▼

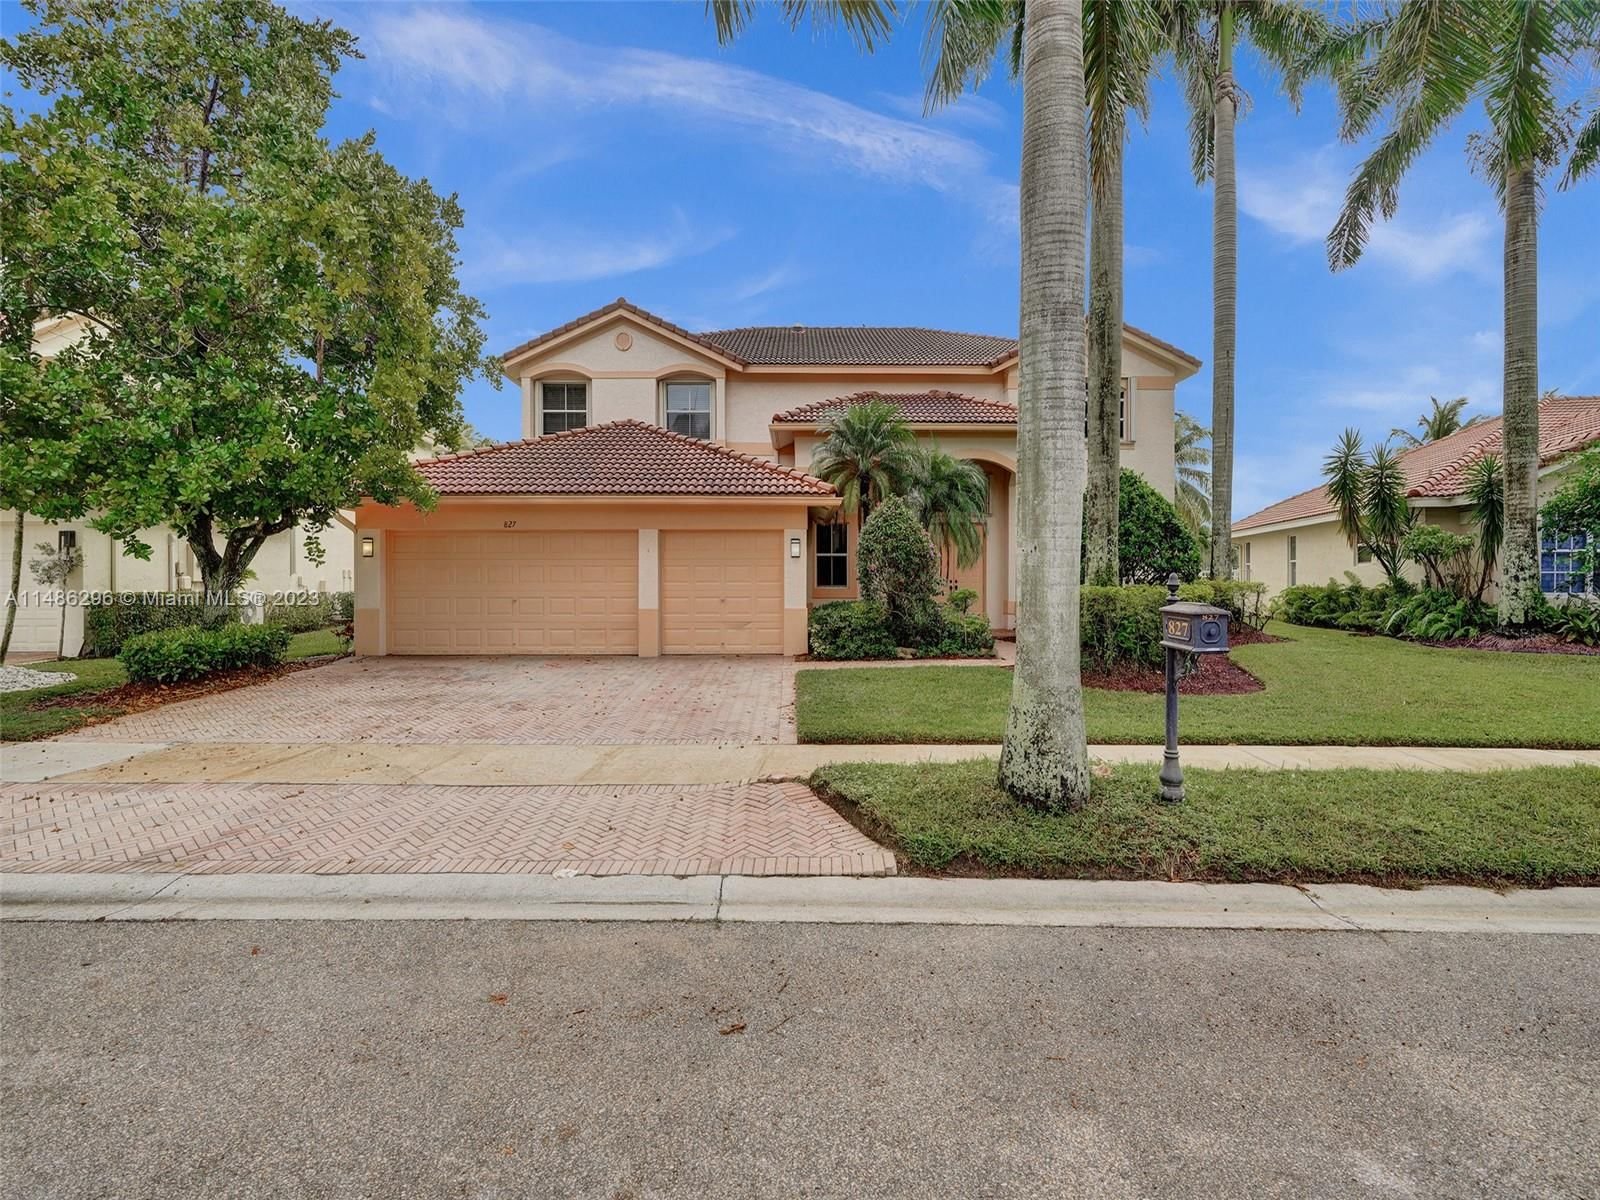 Real estate property located at 827 Regal Cove Rd, Broward County, Cove III, Weston, FL
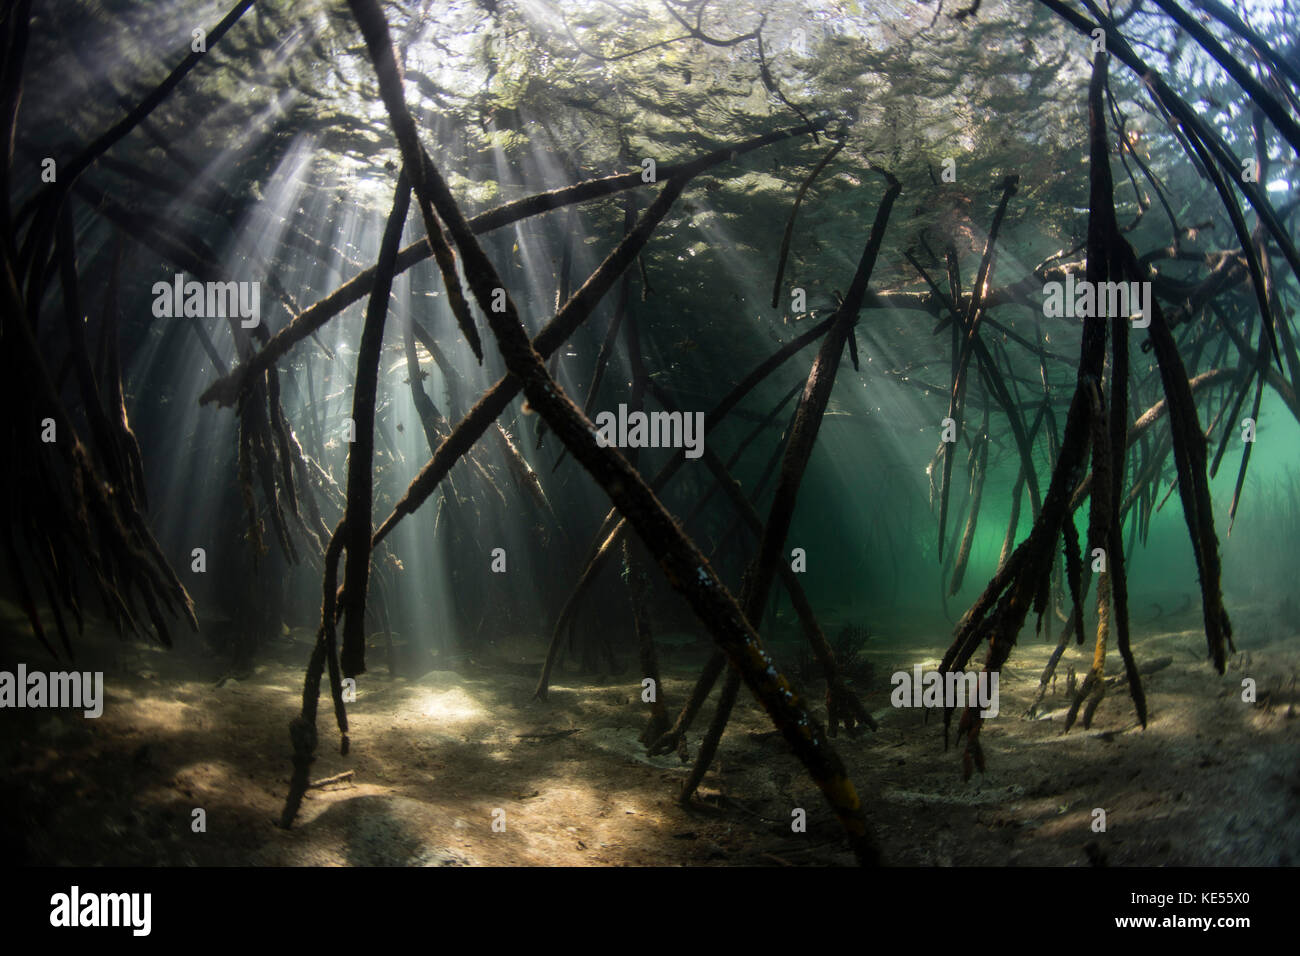 Bright sunbeams filter into the shadows of a mangrove forest in Komodo National Park. Stock Photo
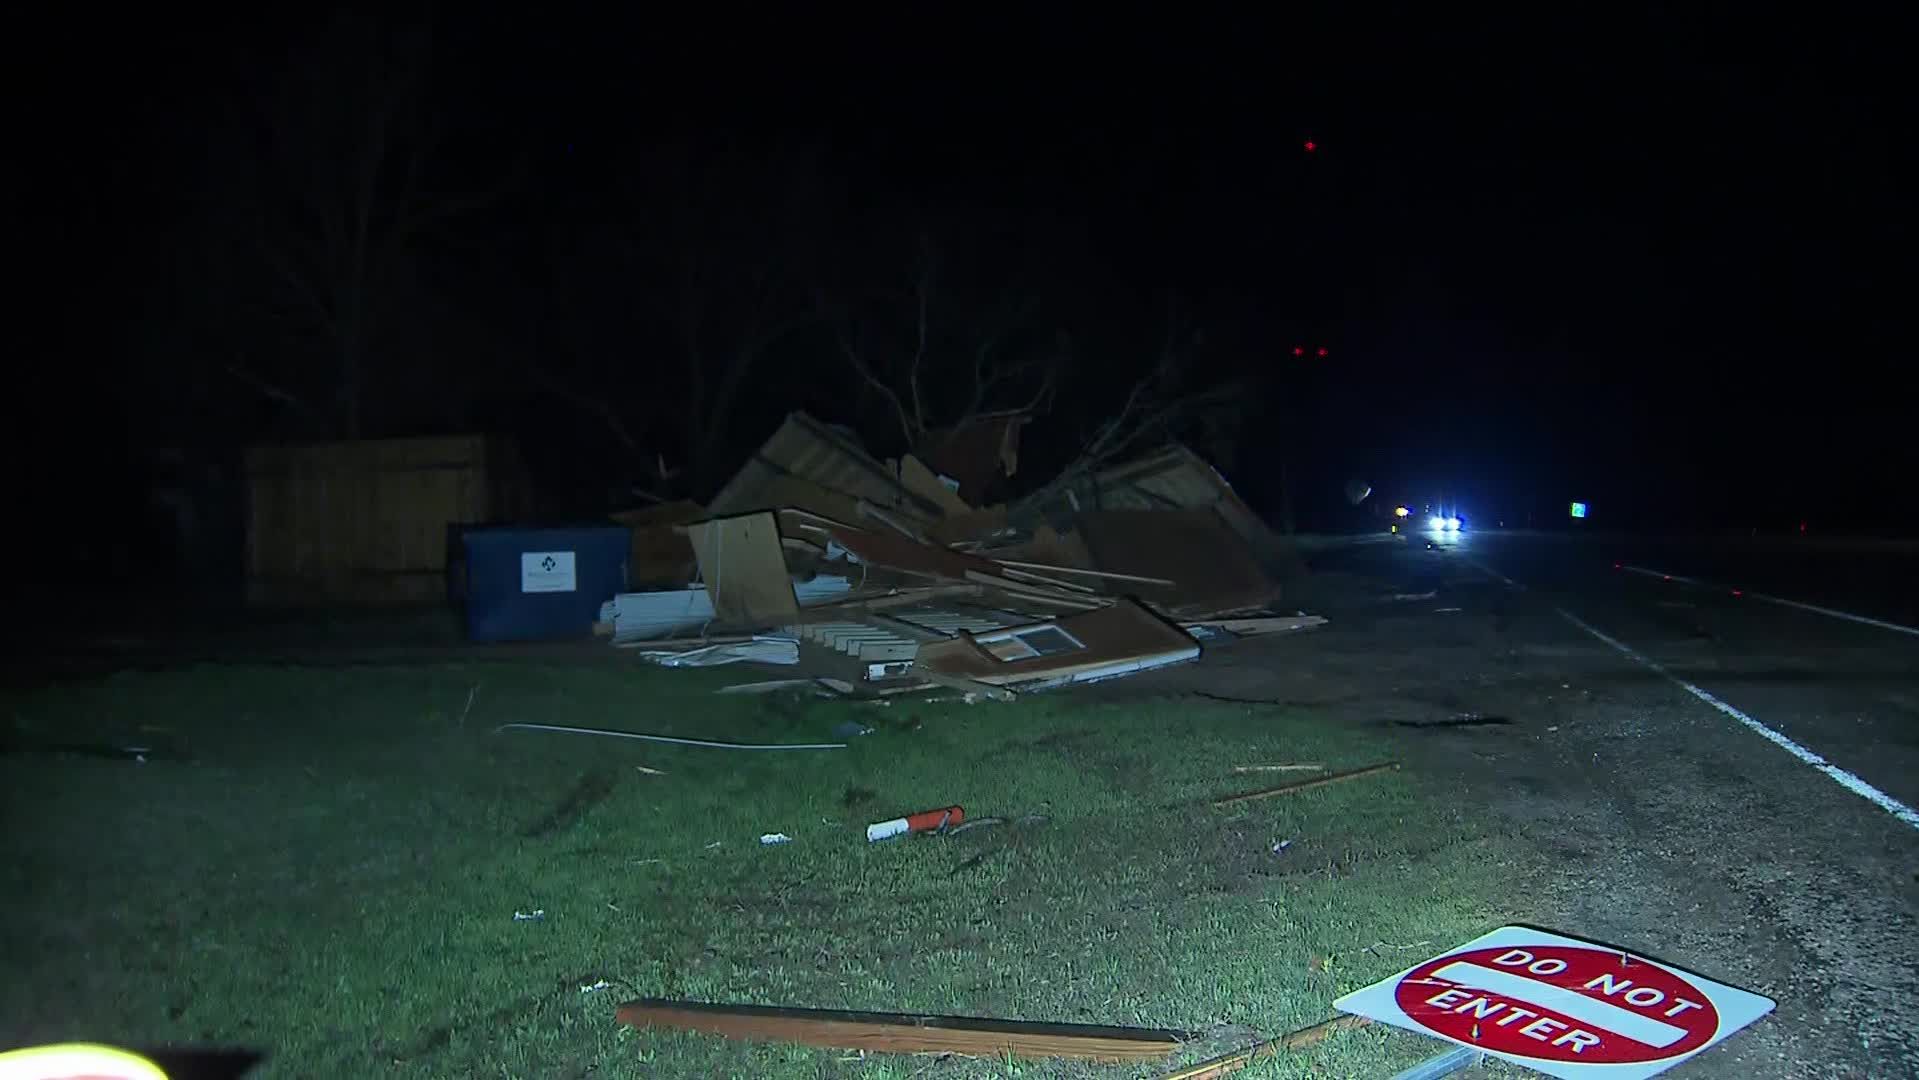 Debris is strewn on a lawn in Wise County in Texas after a severe storm overnight on Thursday.

▲

§ Problem requirements: Set the data above down again exactly as given, with no pictures.

§ Task output:
 Real estate property located at 827 Regal Cove Rd, Broward County, Cove III, Weston, FL
 Bright sunbeams filter into the shadows of a mangrove forest in Komodo National Park. Stock Photo
 Debris is strewn on a lawn in Wise County in Texas after a severe storm overnight on Thursday.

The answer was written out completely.